13.  Ownership.  Owner shall at all times retain ownership of the Products.  Renter shall immediately notify Owner in the event Products is levied, has a lien attached or is threatened with seizure. Renter shall indemnify and hold Owner harmless against all loss and damages caused by such action. Products shall be deemed at all times to be personal property, whether or not it may be attached to any other property. 

14. Waiver.  No failure of Owner to exercise or enforce any of its rights under this Agreement shall act as a waiver of subsequent breaches; and the waiver of any breach shall not act as a waiver of subsequent breaches.  Owner’s acceptance of payment with knowledge of a default by Renter shall not constitute a waiver of any breach.

15. Severability.  In the event any provision of this Agreement is held by a court or other tribunal of competent jurisdiction to be unenforceable, that provision will be enforced to the maximum extent permissible under applicable law, and the other provisions of this Agreement will remain in full force and effect. The parties further agree that in the event such provision is an essential part of this Agreement, they will begin negotiations for a suitable replacement provision.

16. Entire Agreement.  This Agreement represents the entire understanding relating to the subject matter hereof and prevails over any prior or contemporaneous, conflicting or additional communications.  This Agreement can only be modified by a written amendment signed by the party against whom enforcement of such modification is sought. If a court of law finds any portion of this Agreement un-enforceable, all other portions of this Agreement shall remain in effect.

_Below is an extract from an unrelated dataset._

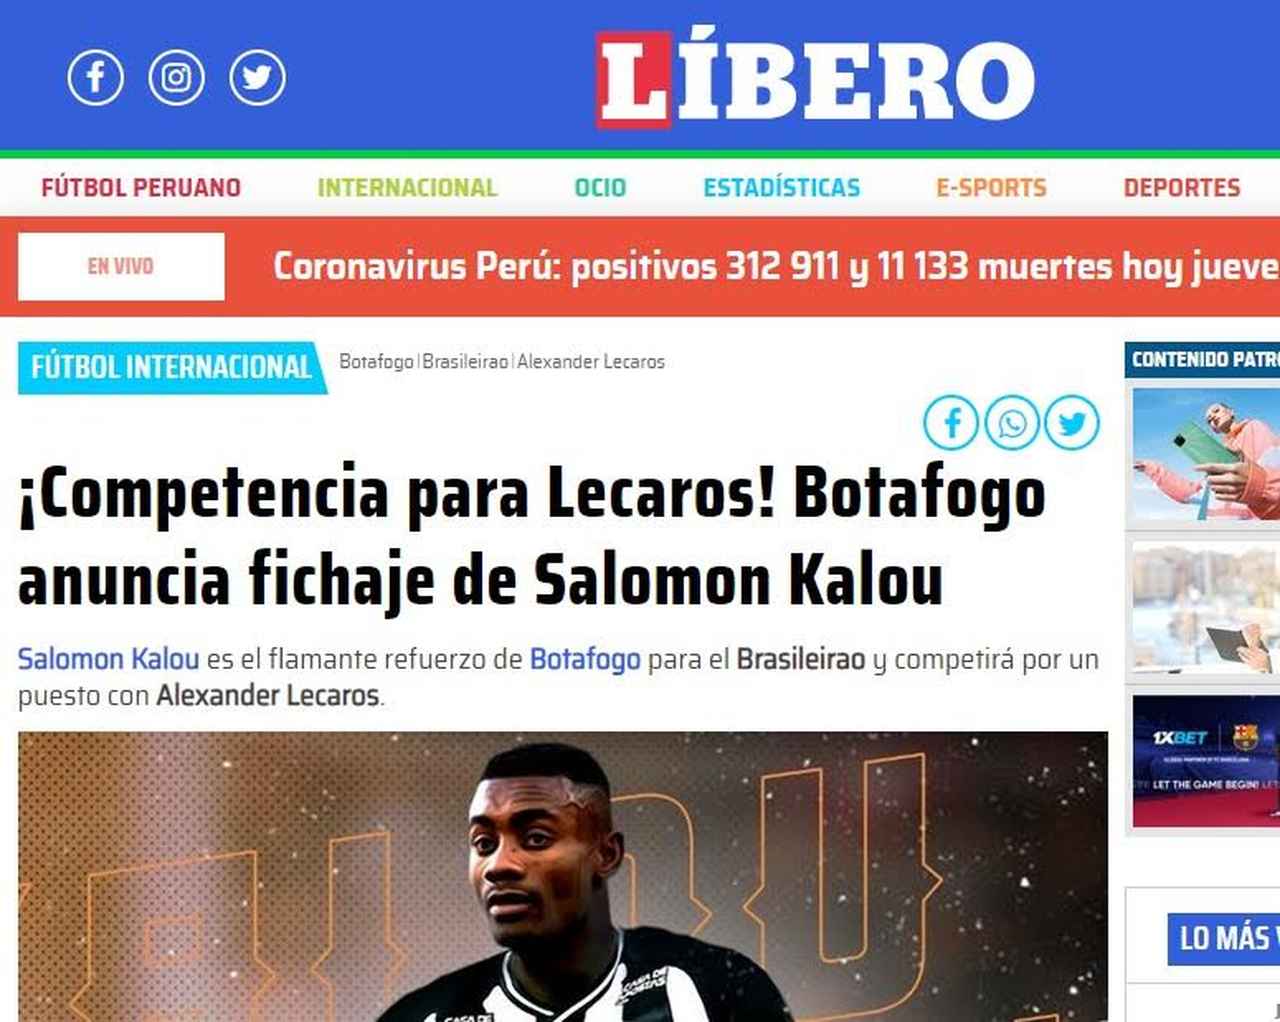 Líbero - Peru - Os peruanos aproveitaram a deixa para incluir o jovem compatriota Lecaros ao noticiarem o acerto entre Kalou e Botafogo. O diário peruano afirmou que eles disputarão espaço.

17. Assignment.  Renter may not, without the prior written consent of Owner, transfer or assign this Agreement or any part thereof.  Any attempt to do so shall be a material default of this Agreement and shall be void.

18.  Headings.  Paragraph headings used in this Agreement are for reference only and shall not be used or relied upon in the interpretation of this Agreement.

19. Counterparts. This Agreement, and any amendment thereof, may be executed in two or more counterparts, each of which shall be deemed an original, but all of which together shall constitute one and the same document.


Renter acknowledges this Agreement and acknowledges having read and understood the foregoing by checking the box on the rental reservation checkout page.